ETL tools should work with as many kinds of data as possible. The primary purpose of ETL tools is being able to take data from a variety of sources and put them together—so why shouldn’t your ETL tools be compatible with as many as possible? Make sure the tools you use are compatible with the most popular data formats and storage solutions.
ETL tools should offer flexibility. Data pipelines and applications can be as ever-changing as data itself. Make sure your ETL tools offer enough flexibility to adapt to new workflows and storage solutions.
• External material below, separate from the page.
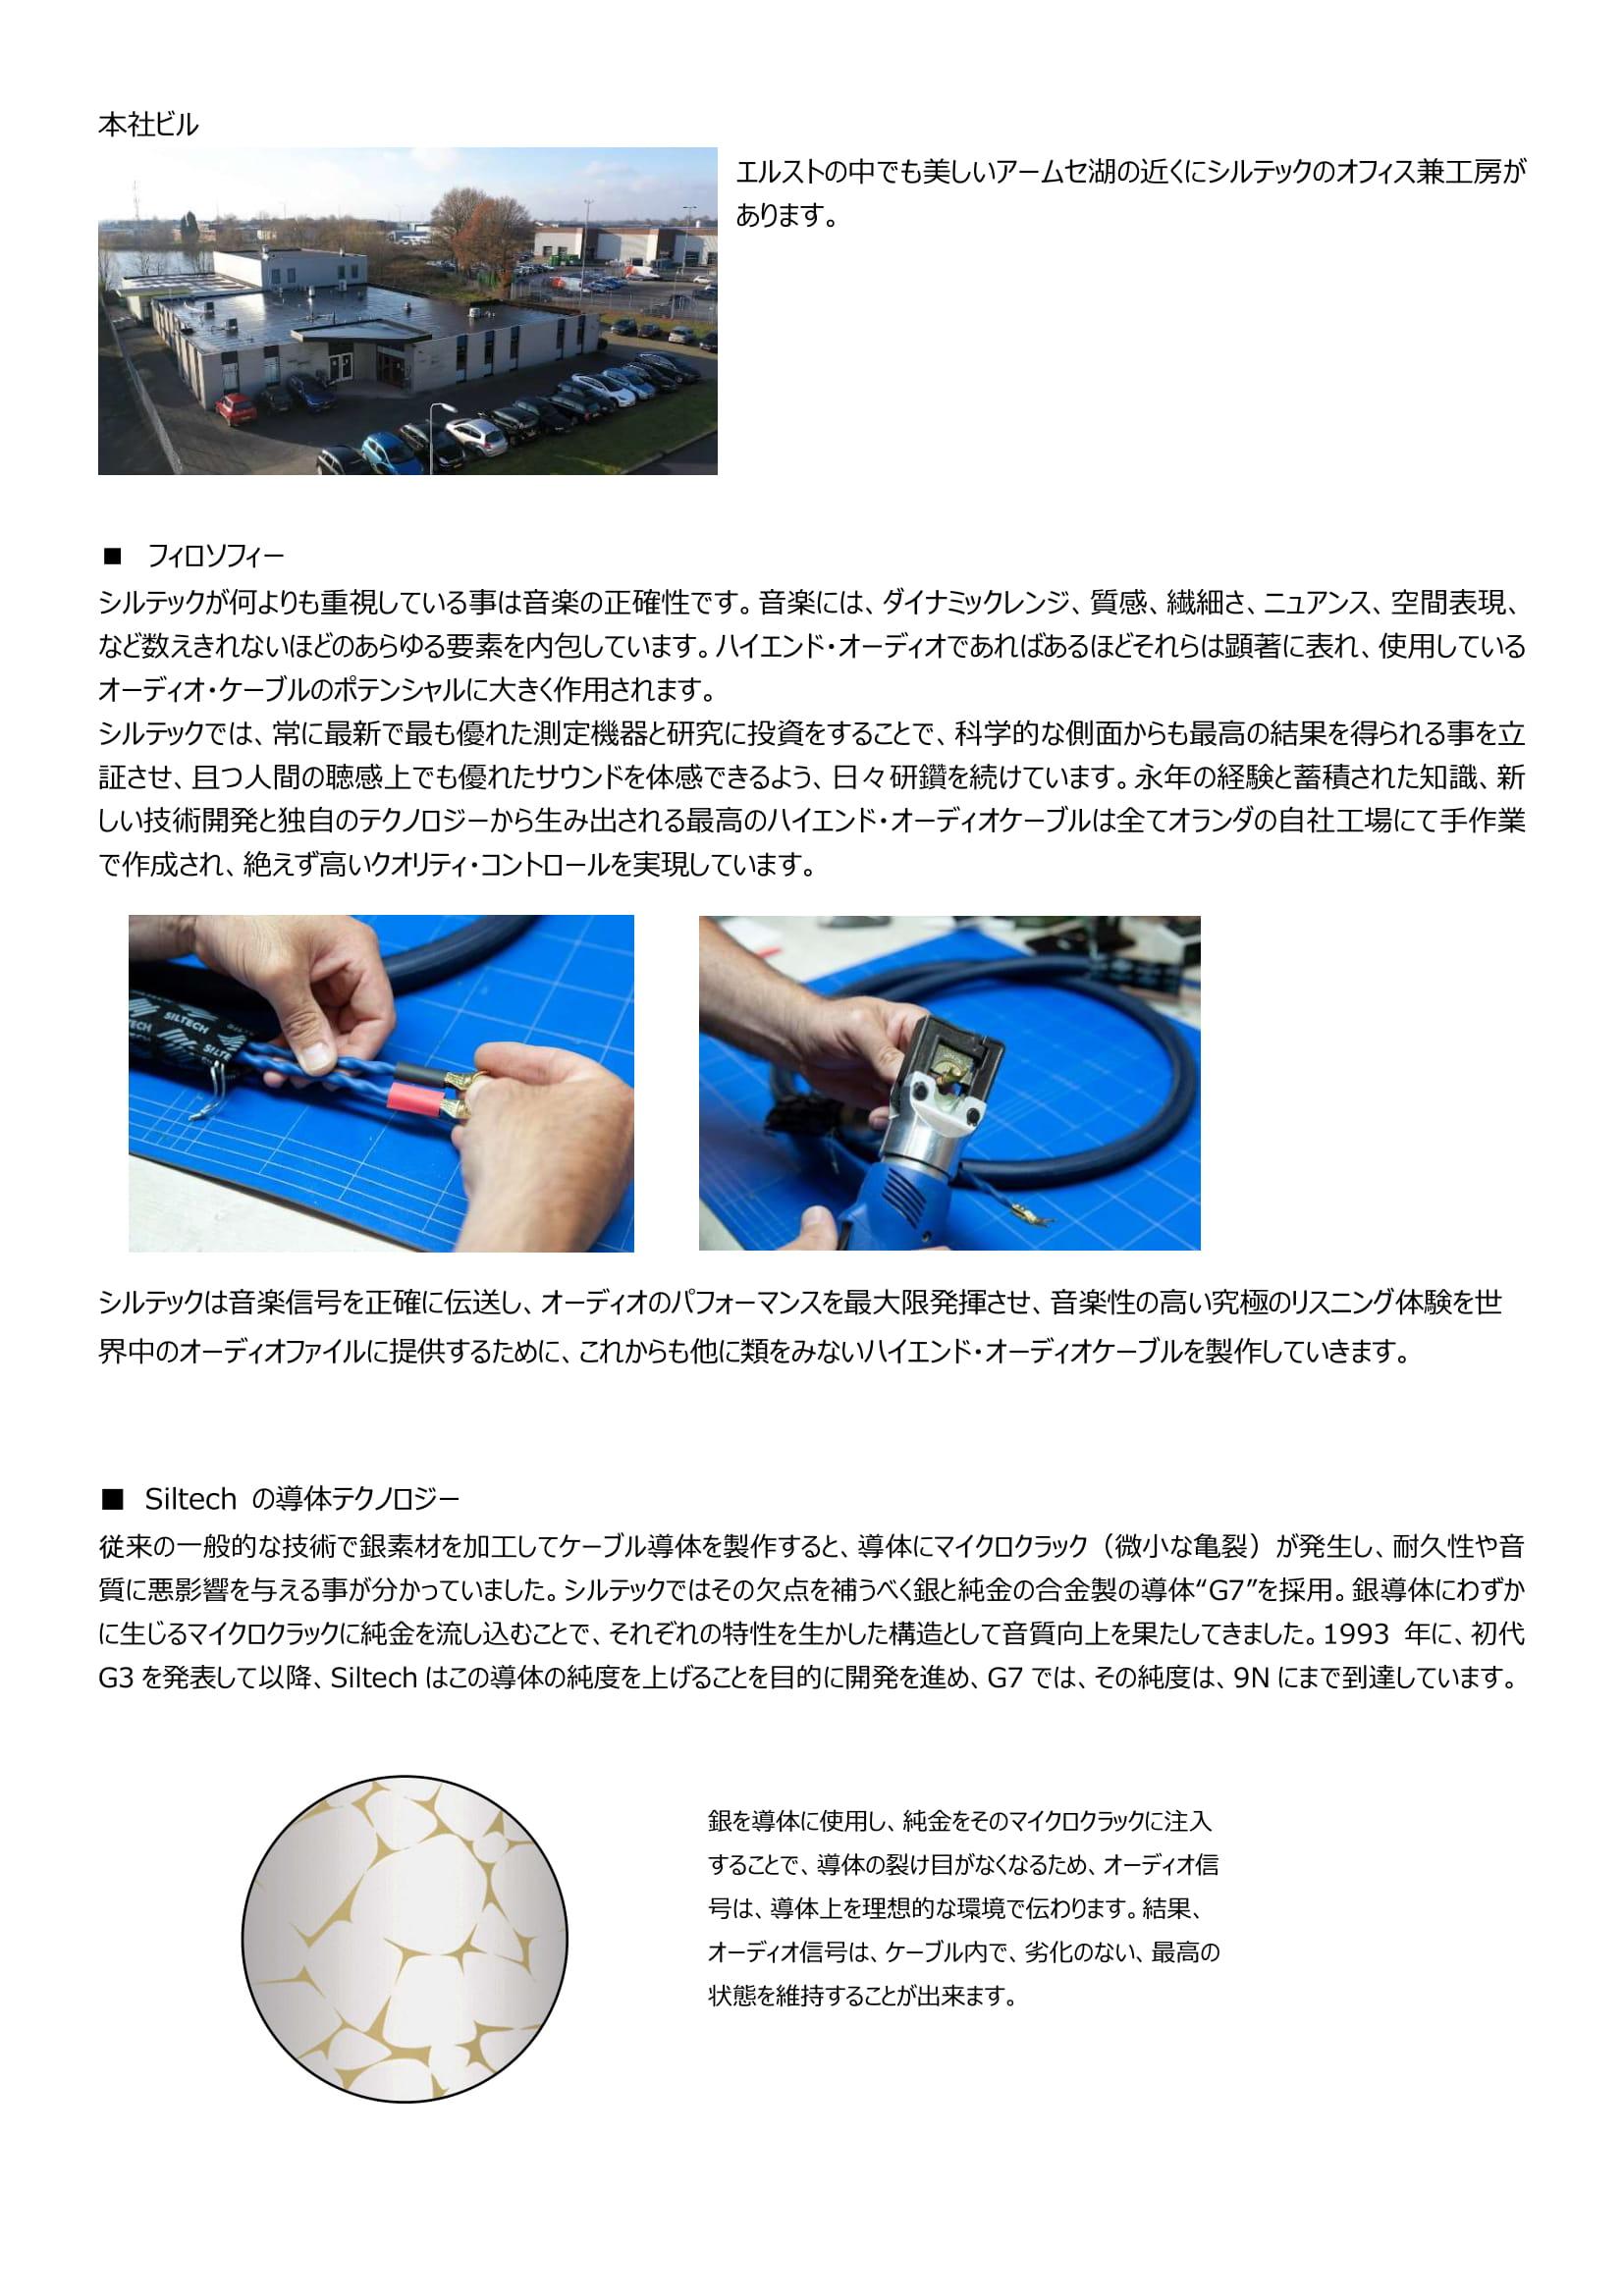 【Siltech】Explore SG_01192021-2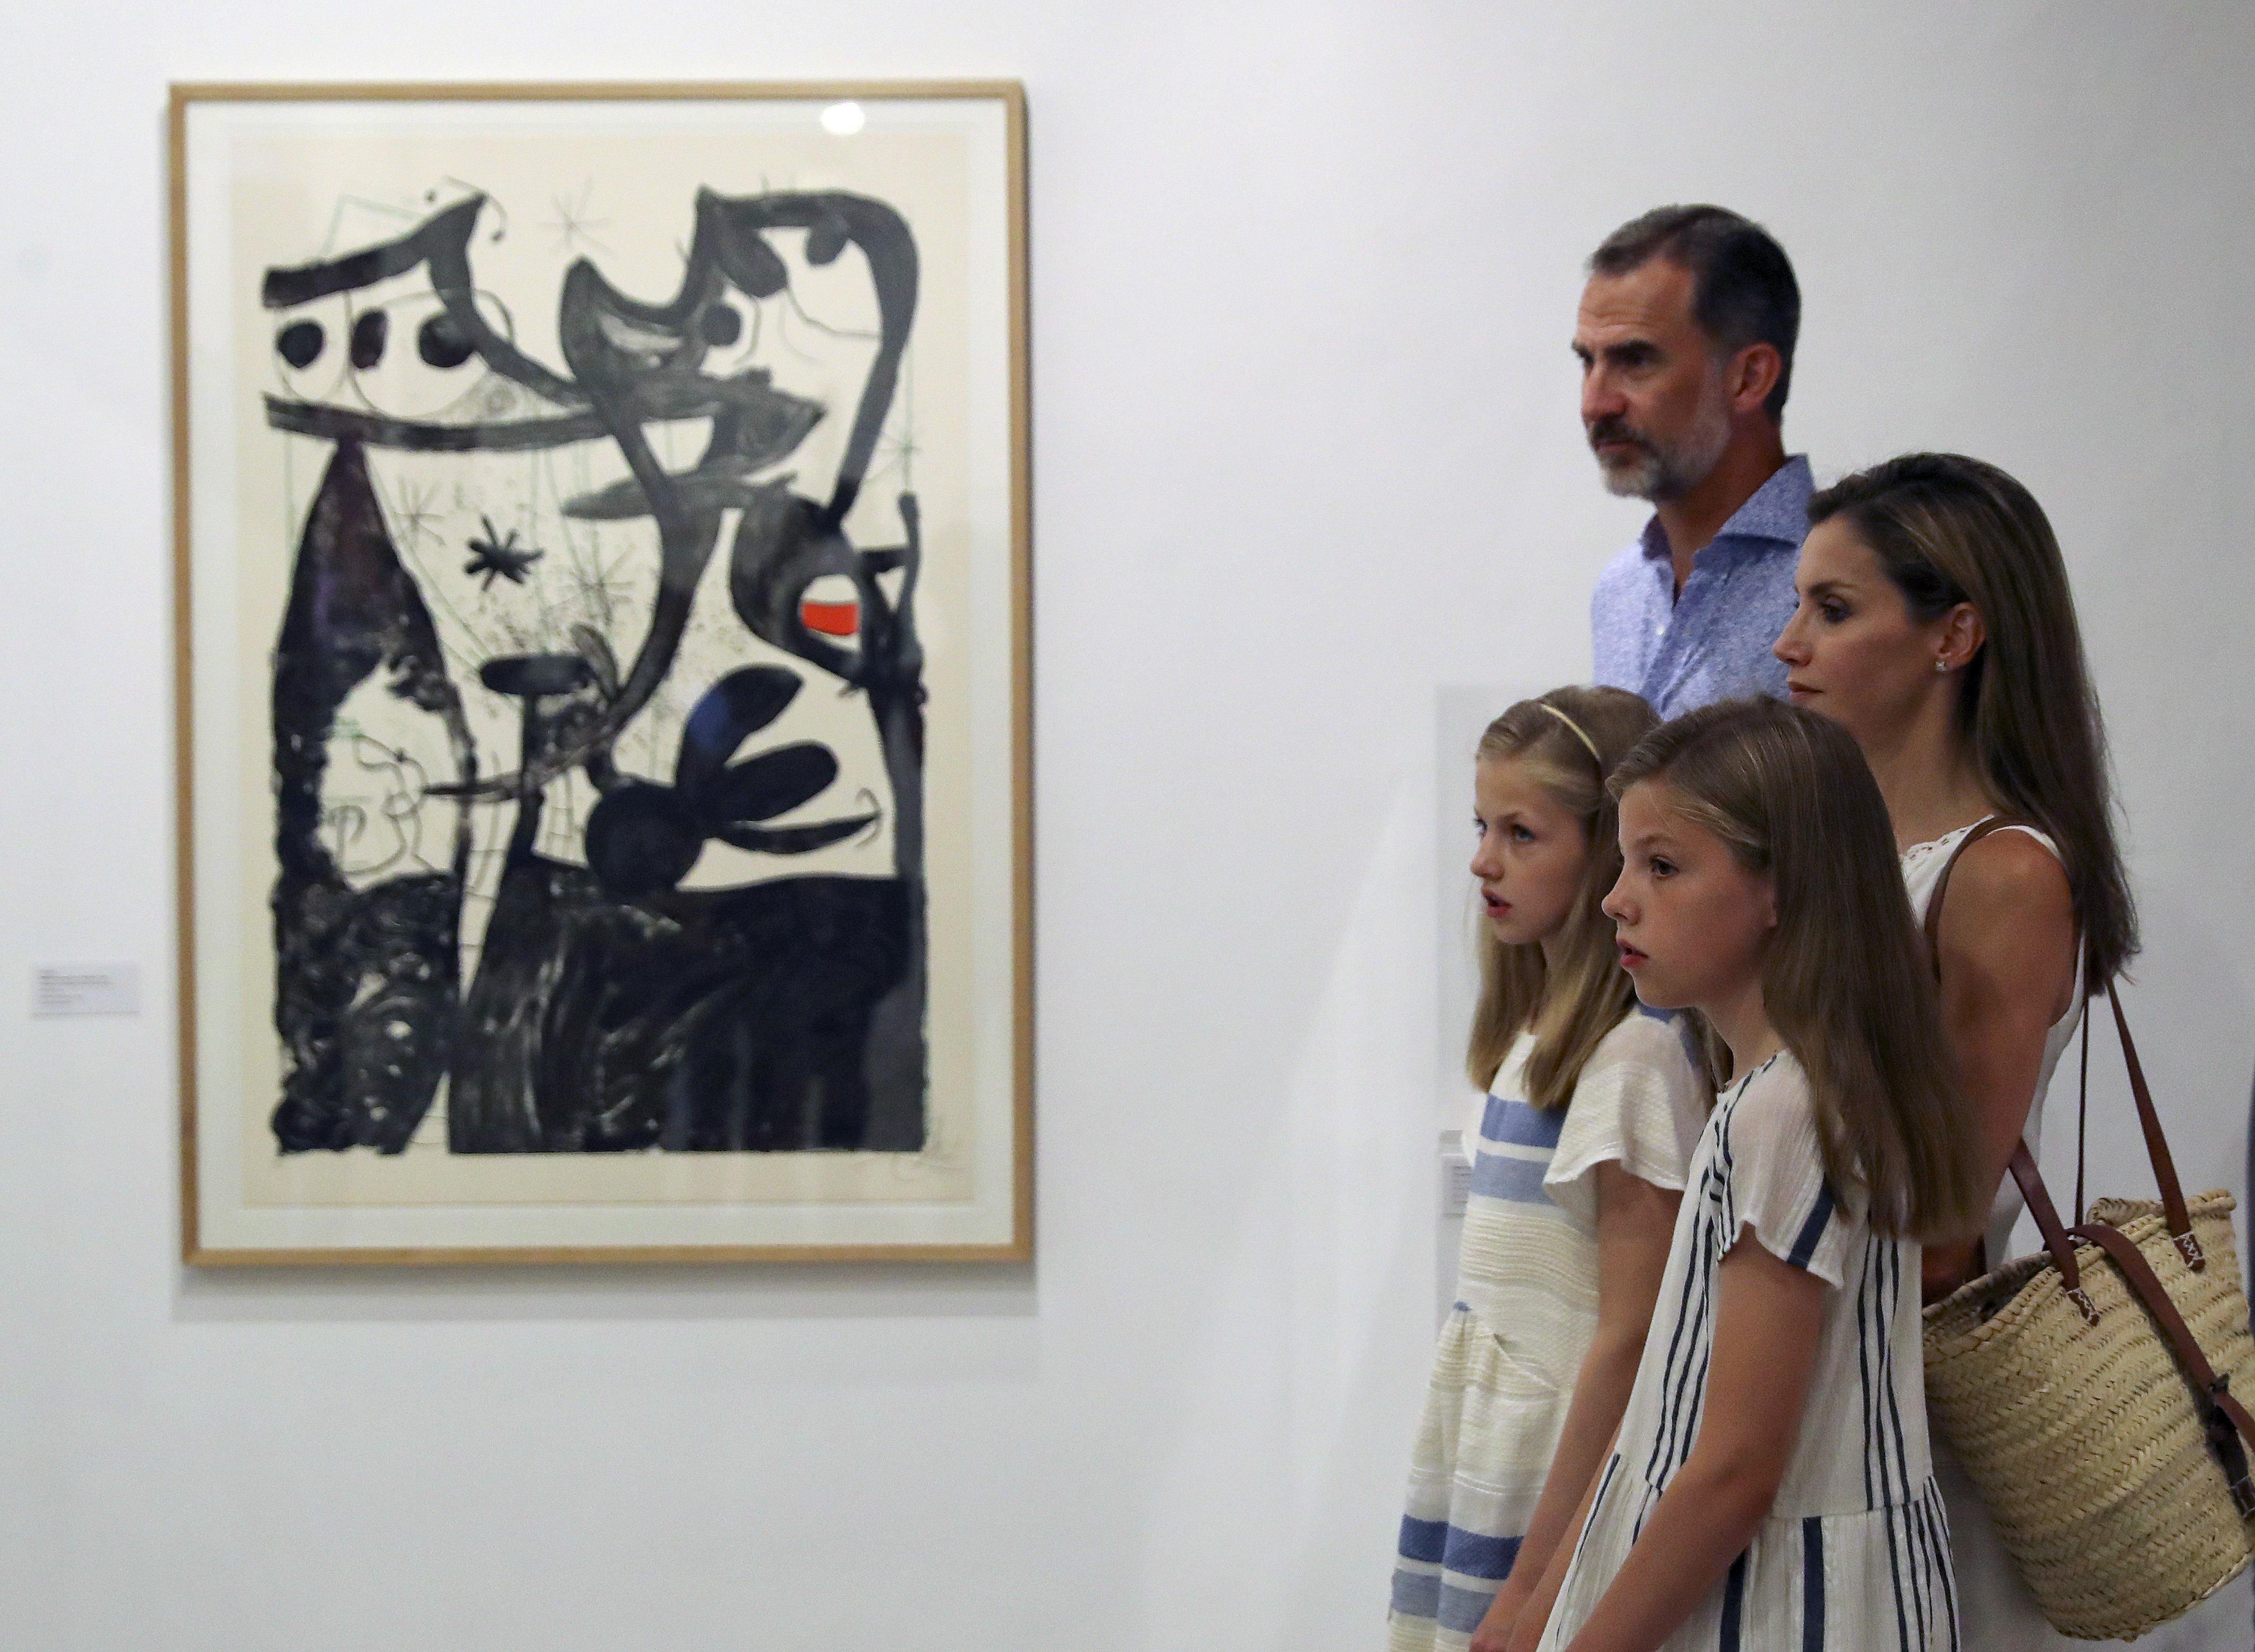 Els Reis i les seves filles, Leonor i Sofia, durant la seva visita al museu modernista Can Prunera, a Sóller. /BALLESTEROS

ETL tools should offer robust transformation features. Transformation is the primary driver of the entire ETL process. Make sure your tools can effectively automate and augment most transformation processes.
FAQ
Q: What is ETL?
A: ETL stands for “Extract, Transfer, Load,” which describes the three-step process of Extracting data from a source, Transforming the data into a usable format, and Loading it into a data warehouse.
Q: What are ETL tools?
A: ETL tools automate many parts of the ETL process, particularly those involving extracting and transforming data. Without ETL tools, much of the ETL process would require hard-coded or manual solutions.
Q: What is an ETL pipeline?
A: An ETL pipeline is a path between data sources and data warehouses, through which the ETL process takes place. ETL tools are often used to optimize ETL pipelines and increase throughput.
Q: What’s the difference between ETL and ELT?
A: Where ETL is “extract, transform, load,” ELT is “extract, load, transform.” By loading data to a warehouse before transforming it, enterprises can keep original data fields/columns and simply transform them on the fly. While ELT requires somewhat more storage, it provides much more flexibility than the usual ETL workflow.
Q: Do ETL tools transfer to ELT?
A: Yes! Both ETL and ELT ultimately perform the same tasks, except that the order of application is switched. Any ETL tool which performs each step of the process separately is likely compatible with an ELT workflow.
Recap
ETL tools help automate much of the ELT process, which is essential for preparing raw data for data warehousing and analytics. As an extension of the ETL process, ETL tools are used to combine data from multiple sources and then format and load the data in a useful way. As data sets and storage solutions continue to grow larger, ETL tools will become increasingly necessary for handling raw data.